» TASK DESCRIPTION
Skip the pictures and give back the rest of the listing exactly.

» PROVIDED MATERIAL
* * * * * * * * *
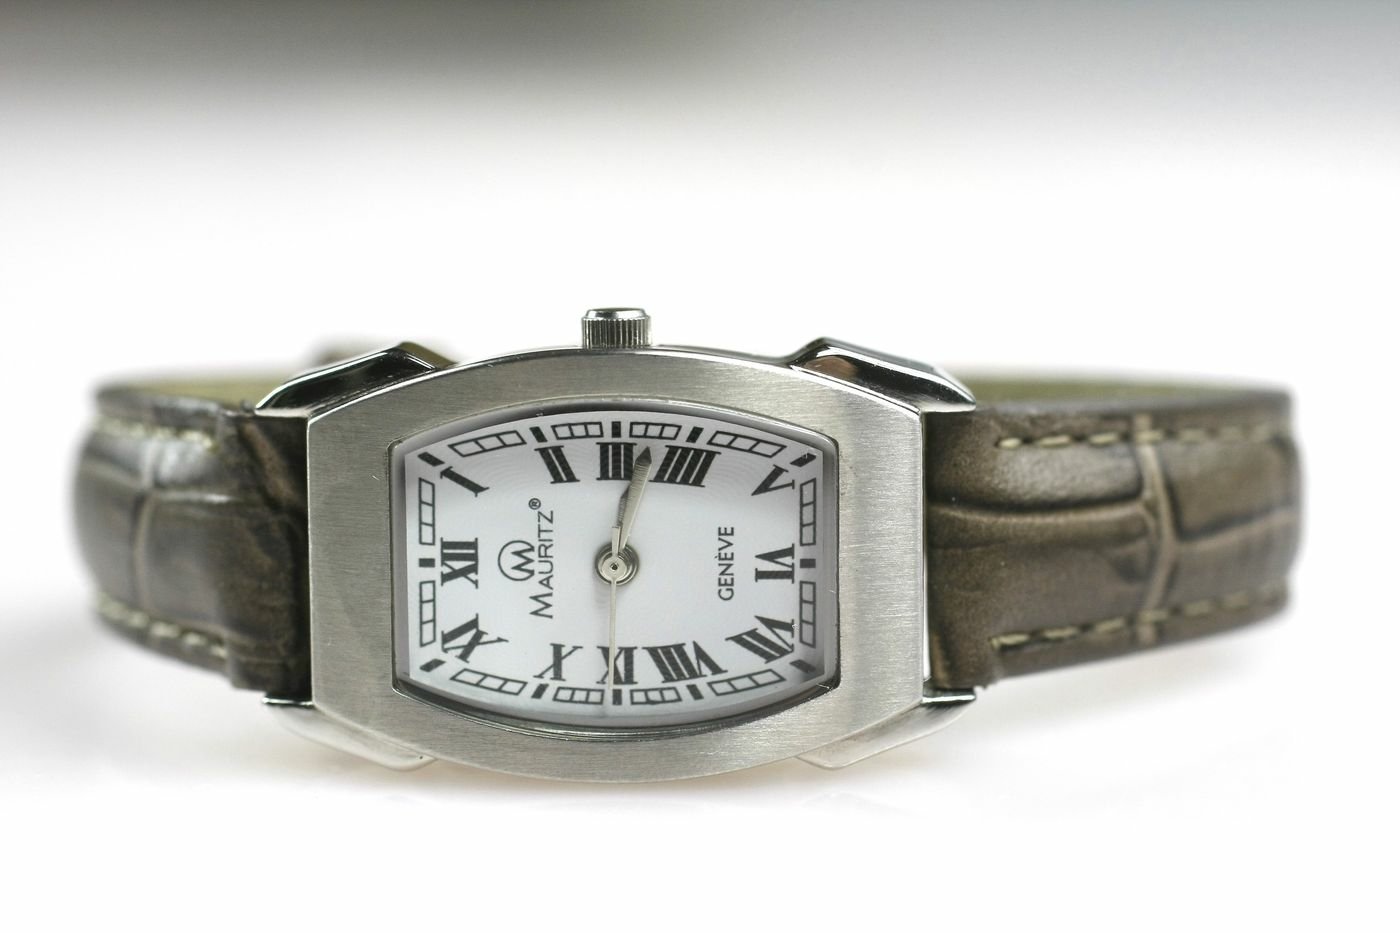 MAURITZ Geneve luxusné dámske hodinky
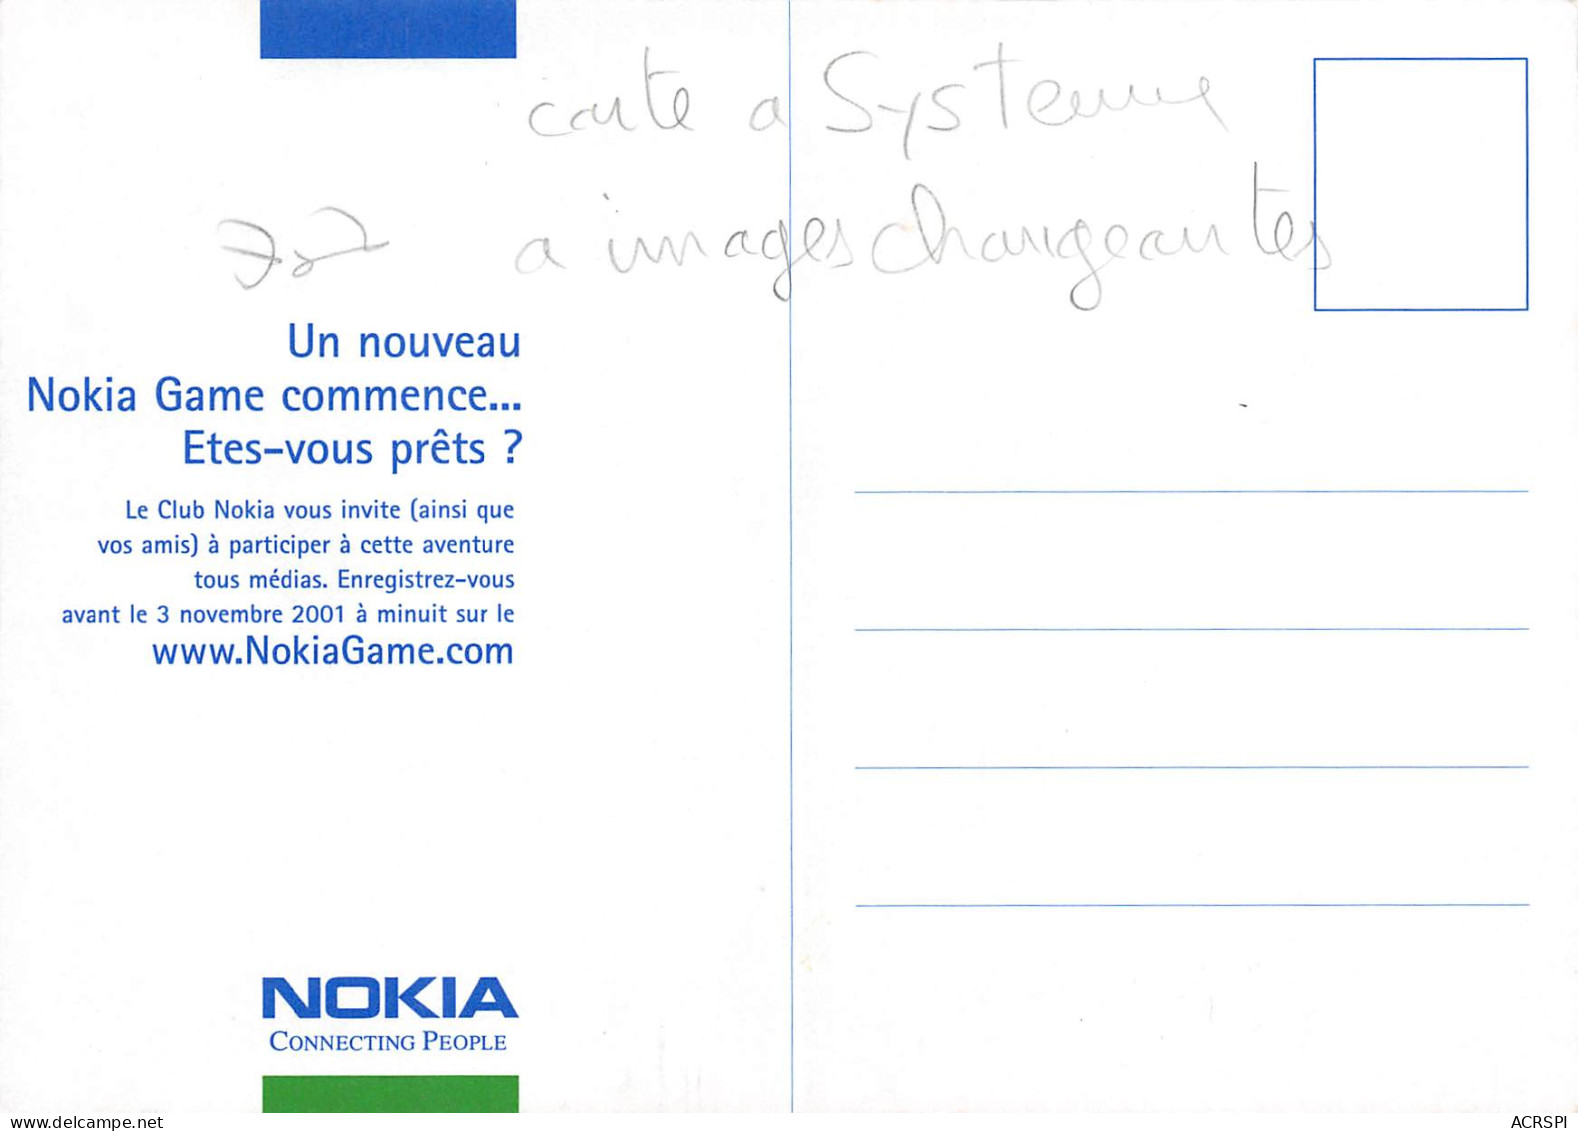 NOKIA Carte à Systeme à Image Changeante PUB Publicité N° 77 \MK3026 - Werbepostkarten
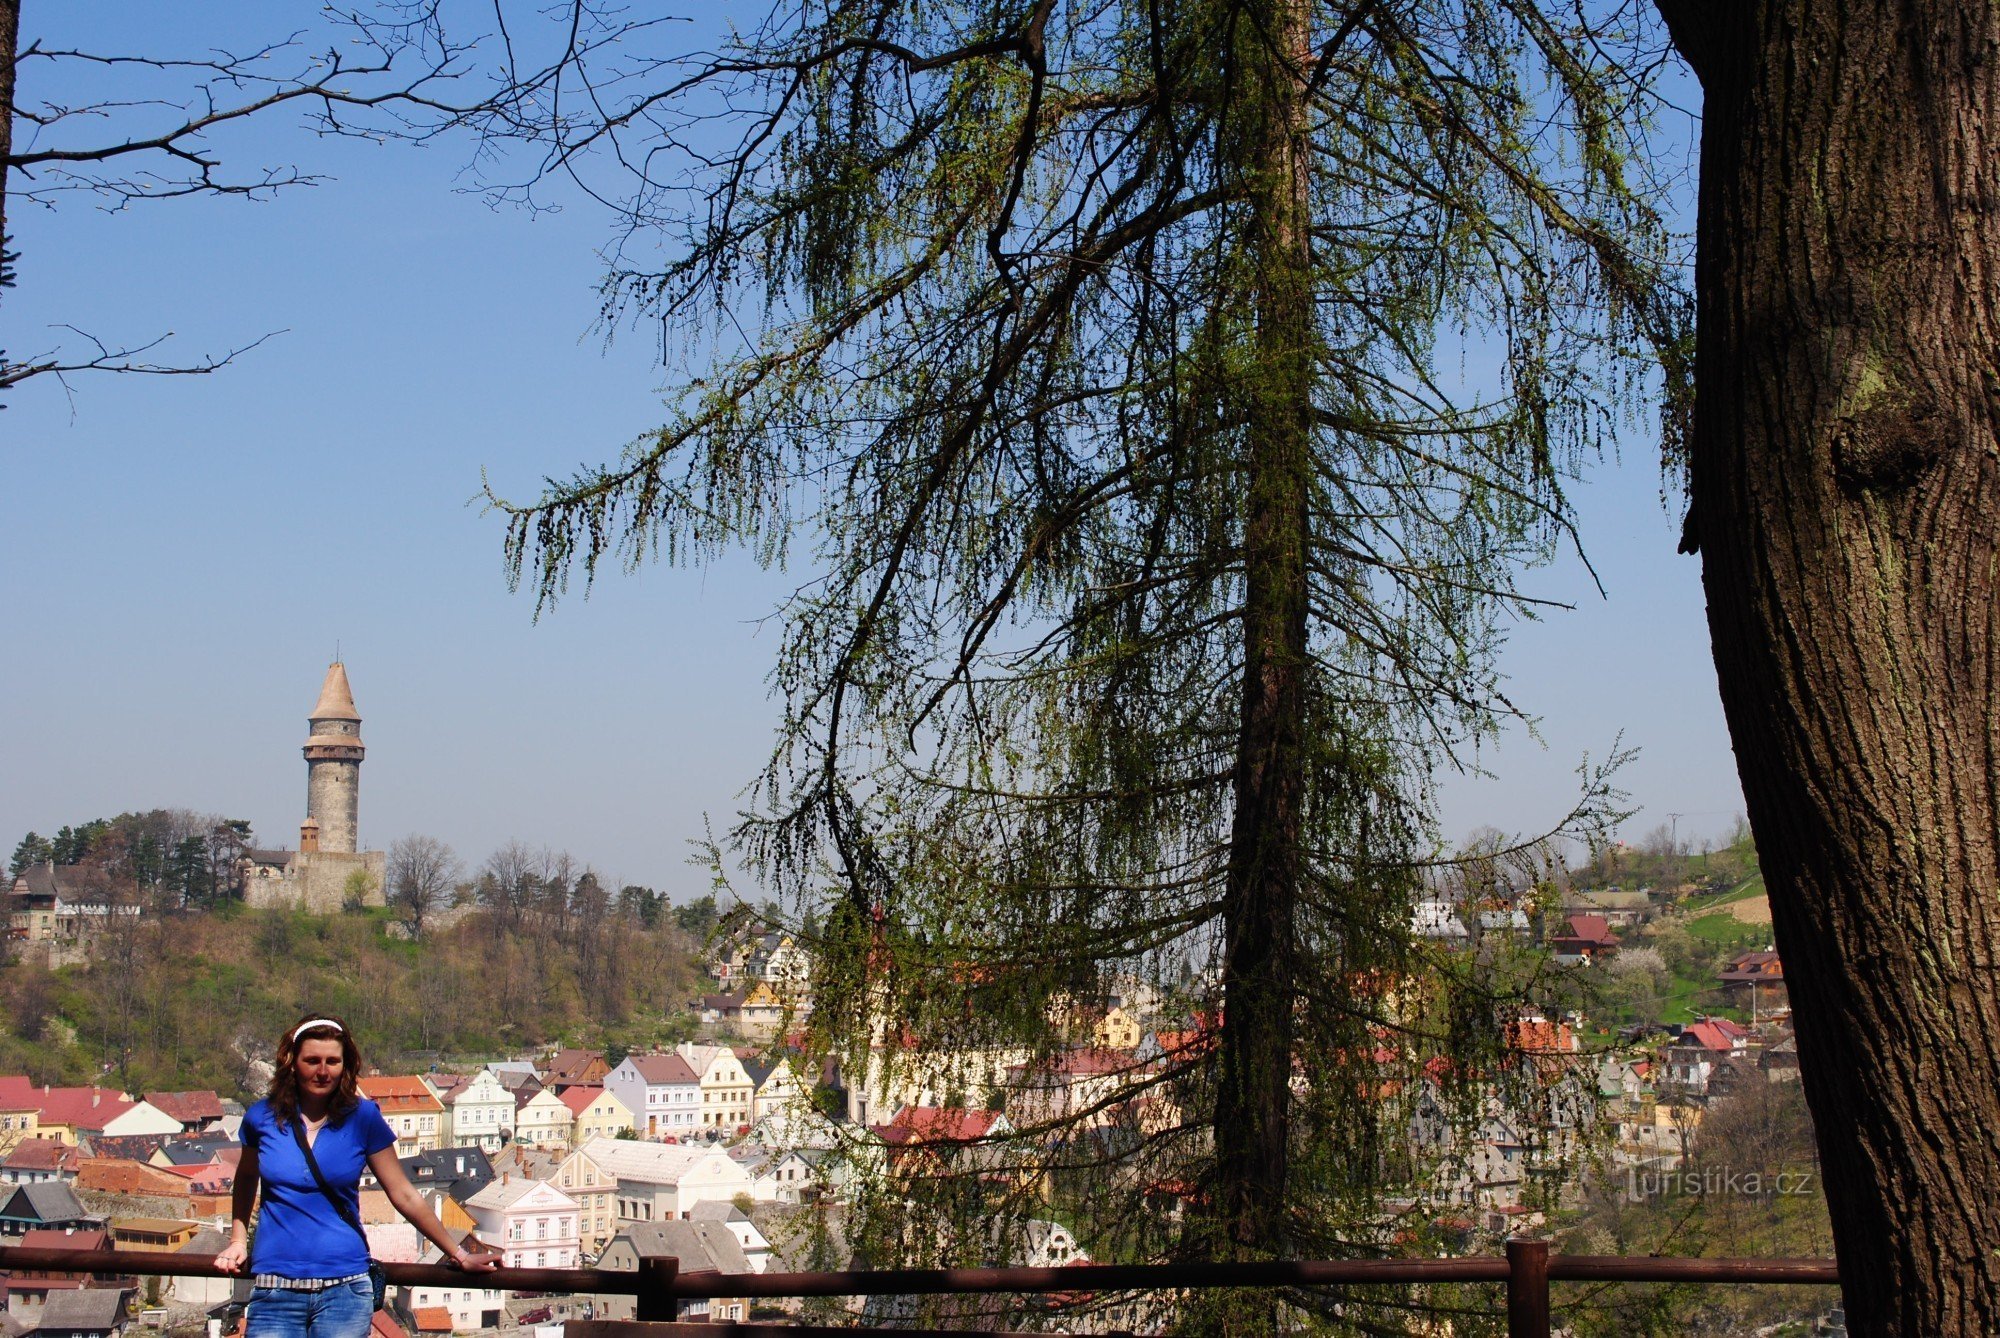 nhìn từ hang Šípka trên khu vực lịch sử của thành phố với tháp hình trụ Trúba
* * * * * * * * *
» ANSWER FOR THIS EXERCISE
 MAURITZ Geneve luxusné dámske hodinky
 NOKIA Carte à Systeme à Image Changeante PUB Publicité N° 77 \MK3026 - Werbepostkarten
 nhìn từ hang Šípka trên khu vực lịch sử của thành phố với tháp hình trụ Trúba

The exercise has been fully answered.